New Fellows Announced
The Board of Governors is pleased to announce the recent approval of two new Fellows of the Society for Cryobiology: Erik Woods and Art DeVries. Erik and Art will be presented with their Fellow medals during a special session at CRYO2021, held in Chicago, July 20-23, 2021.
Erik Woods
Following undergraduate studies in Biology and Classics at Indiana University in Bloomington, IN, Dr. Woods performed his graduate work at the Cryobiology Research Institute (CRI) under Dr. John Critser, earning a PhD through the Hillenbrand Center for Biomedical Engineering at Purdue University in West Lafayette, IN developing methods for cryopreservation of encapsulated human and canine pancreatic islets. While at the CRI he worked across fields as well studying reproductive and hematologic system cryobiology. He then completed a Post-Doctoral Fellowship at the Herman B Wells Center for Pediatric Research at the Indiana University School of Medicine in Indianapolis, IN, focusing on enhanced methods of umbilical cord blood stem cell isolation and cryopreservation.
Dr. Woods has devoted his career to advancing cell culture and cryopreservation to facilitate mainstream clinical use of cellular therapies, first co-founding a company in 1997 which he led for 15 years through successful acquisition by COOK Medical in 2012. There he launched the first client depositor sperm bank in Indiana and developed a contract cell production and banking service with contracts across multiple countries. He is currently Co-Founder and Chief Science Officer of Ossium Health, a company developing the first cryopreserved bone marrow bank from deceased organ and tissue donors and serves as the Laboratory Director of the Ossium Health Testing Laboratory, which is the CLIA certified testing group for Ossium production. He is also Adjunct Faculty in Medical and Molecular Genetics at the Indiana University School of Medicine, where he has held an adjunct position since 2003, and Adjunct Faculty at the Marian University College of Osteopathic Medicine.

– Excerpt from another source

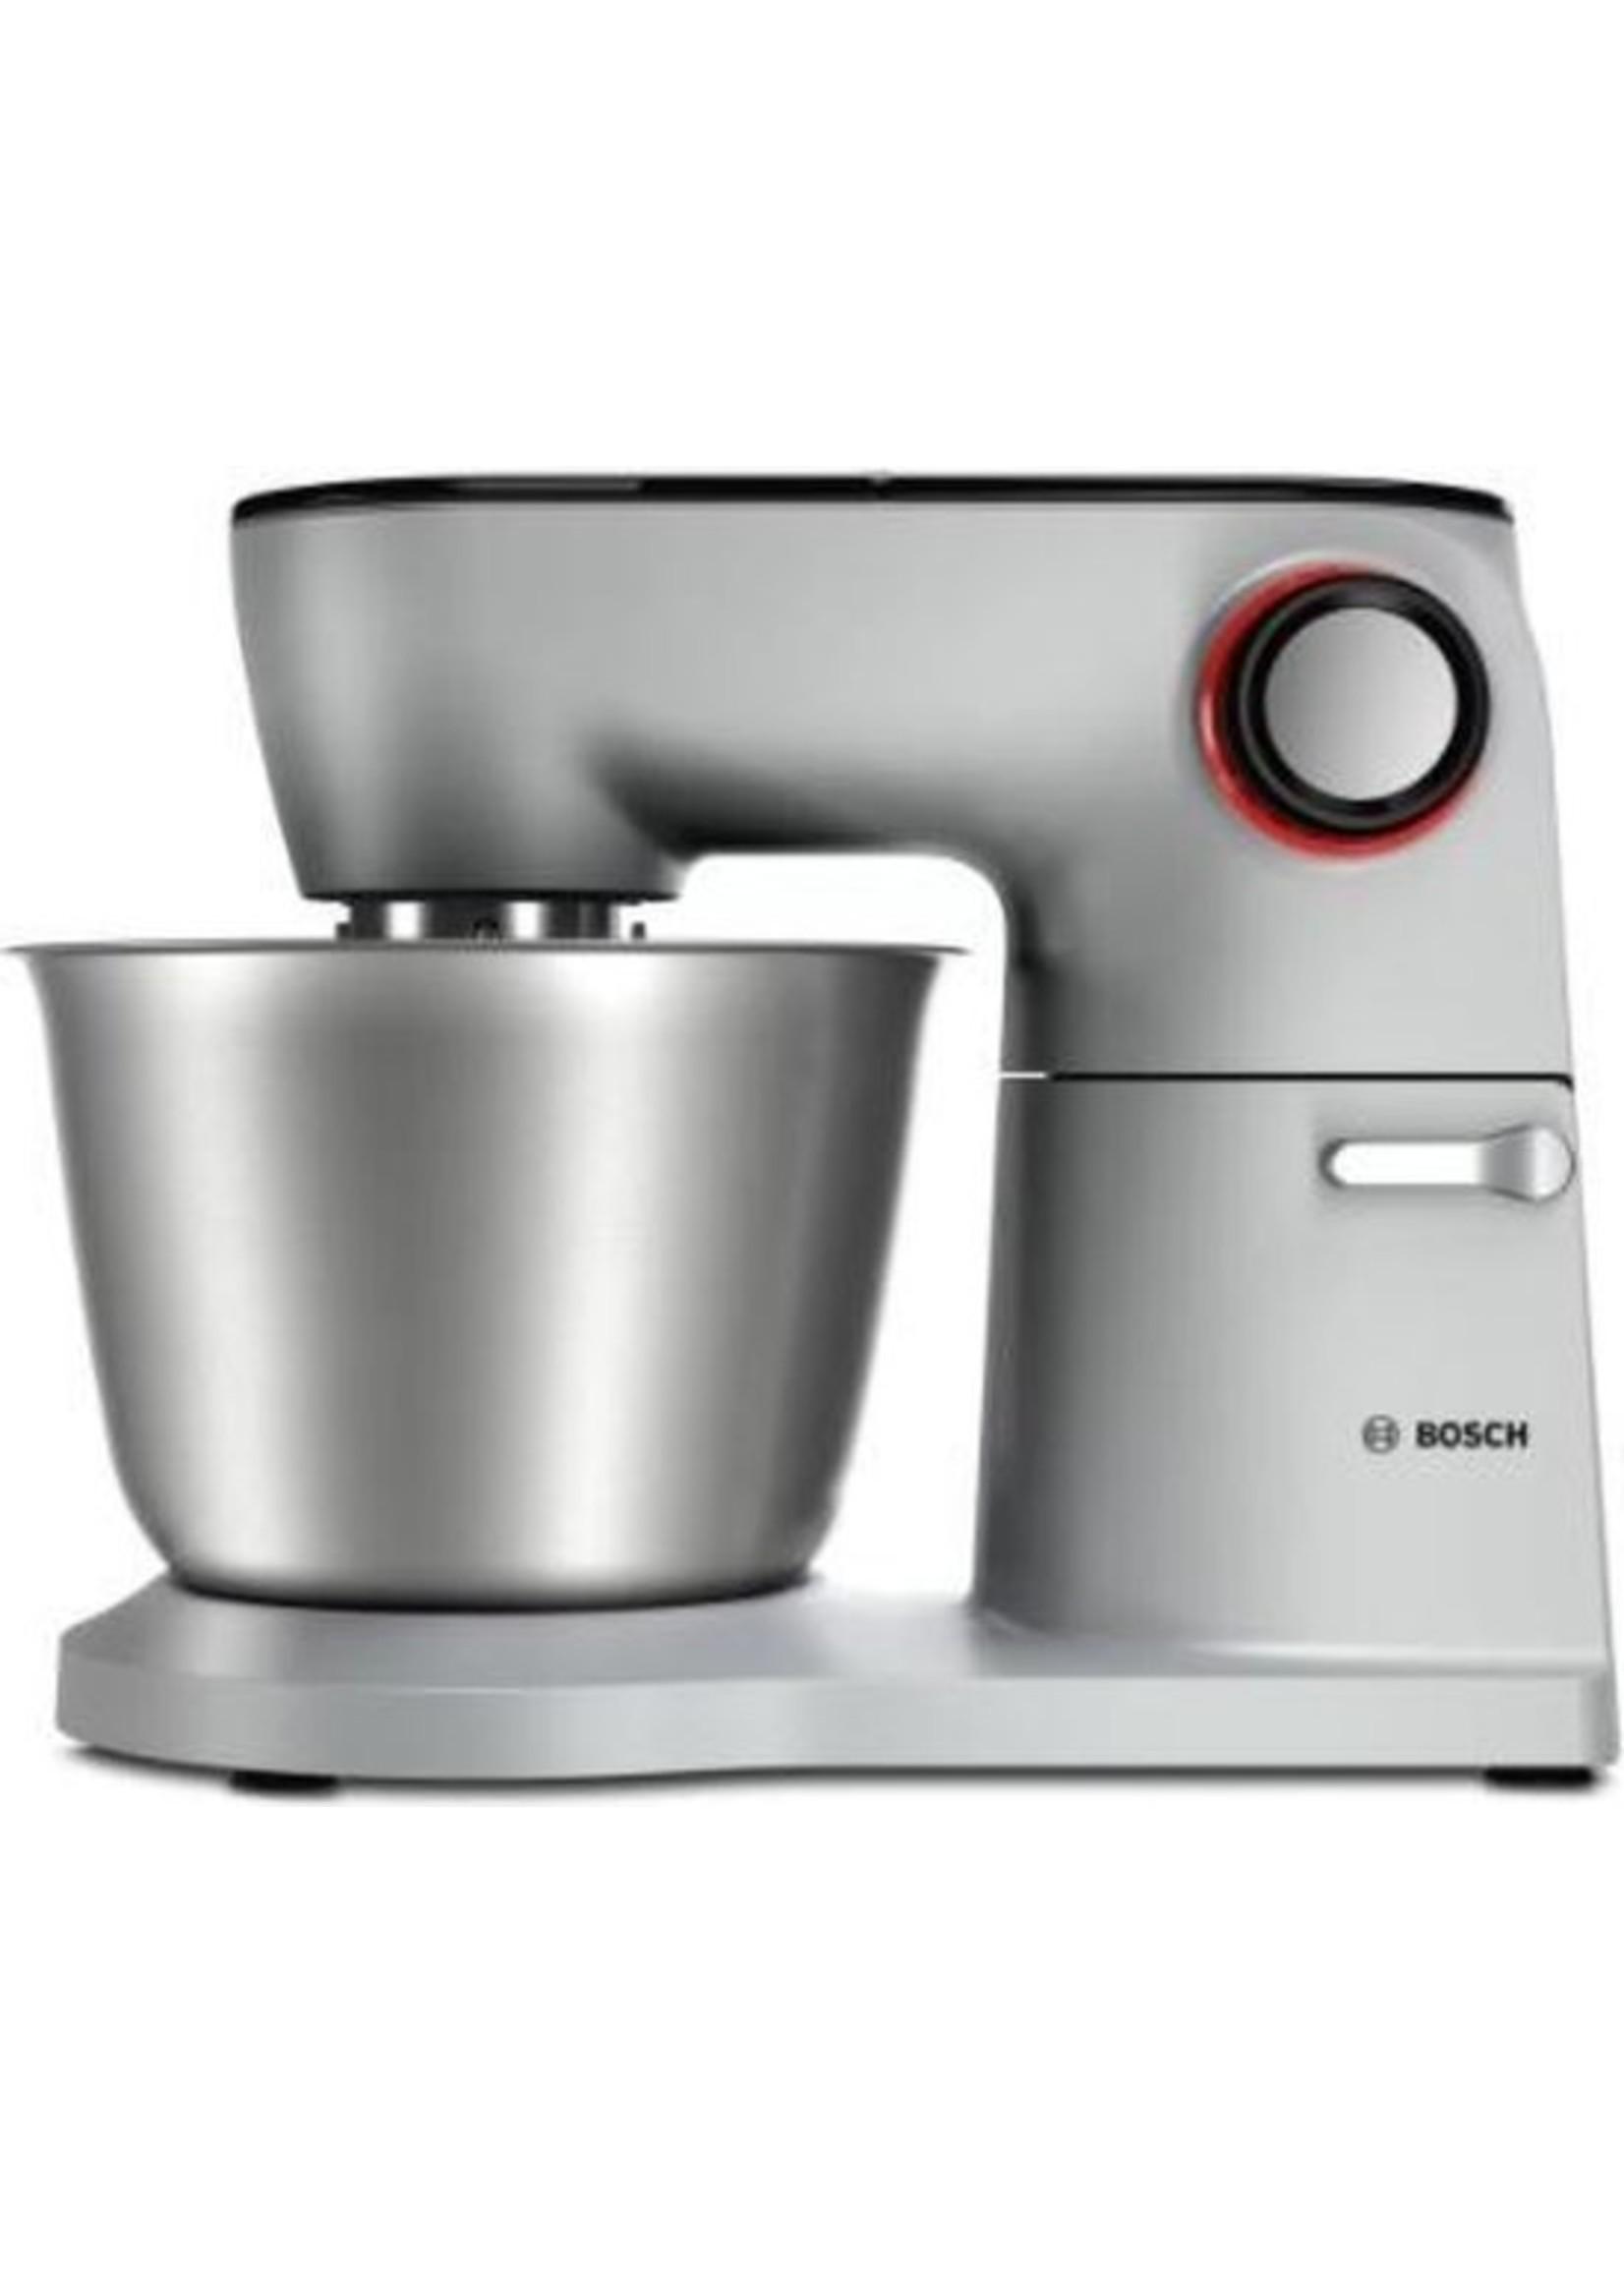 Bosch Bosch MUM9D33S11 - Foodprocessor koopjeshoek

Dr. Woods has focused his research on key cryopreservation optimization strategies that are fit for scientific and regulatory scrutiny to achieve sustained clinical impact. He has generated multiple lines of technology related to cryopreservation, resulting in numerous patents, publications, and grants. During his career in industry, he has balanced the need to maintain intellectual property protection and generate revenue with the goal of disseminating knowledge through publications and presentations. As an applied scientist who has spent a career producing various cells and cryopreserving them for use, the key metric that has dictated success has been functional post-thaw survival. In both the reproductive and stem cell manufacturing fields, he has won market share by leveraging new technologies to produce better post-thaw outcomes. Technologies that were acquired through his original businesses have yielded successful product lines and are currently used around the world. Clinical material he has banked over his career is being used every day for fertility purposes and for stem cell therapies.
Art DeVries
Dr. Arthur L. DeVries is an emeritus Professor of Evolution, Ecology and Behavior at University of Illinois at Urbana-Champaign (UIUC), where he was previously a Professor of Molecular and Integrative Physiology and a Professor of Animal Biology. He received his B.S. in Zoology in 1960 from the University of Montana and his Ph.D. in Biology from Stanford University in 1968 and thereafter worked at UCSD and UC Davis before settling at UIUC.
Dr. DeVries was the first to discover the seemingly impossible properties of antifreeze proteins. His work was recognized by the American Association for the Advancement of Science, which made him a Fellow of the AAAS, and by the National Science Foundation, which gave him the seventh position in their “Nifty 50” lineup of notable scientists on the occasion of their 50th anniversary in 2000.
He received the Lifetime Achievement Award at the First International Ice-Binding Protein Conference in 2011 as well as two awards from the Italian National Antarctic Programme and Italian Committee for Antarctic Research in 2005 and an honorary Doctorate of Science degree at Roskilde University in Denmark in 2014. He was chosen in 2015-2016 to give prominent lectures for the American Physiological Society, Novo Nordisk Foundation, and the Institute of Arctic Biology. He even had a new Antarctic fish, Paraliparis devriesi, named after him in 1980.
His work has received continuous funding from the NSF since 1971, and he has published 194 scientific papers on antifreeze proteins and given 61 invited lectures and seminars. A long-standing member of the Society for Cryobiology, Dr. DeVries served on the Editorial Board of Cryobiology from 1986-1990 and published 10 papers in Cryobiology from 1972 to 2002. His work has been cited over 9400 times and led to a large variety of derivative studies published in our journal, including studies on the facilitation of vitrification. Art’s discovery with Boris Rubinski and Amir Arav that AFPs stabilize membranes and block chilling injury has provided a new dimension to these molecules and another tool for applied research and was awarded a US Patent in 1994.
Art’s discovery of and further studies on antifreeze proteins and their properties and evolutionary origins and implications has forever changed our understanding of cold adaptation, ice physics, and membrane protection at low temperatures.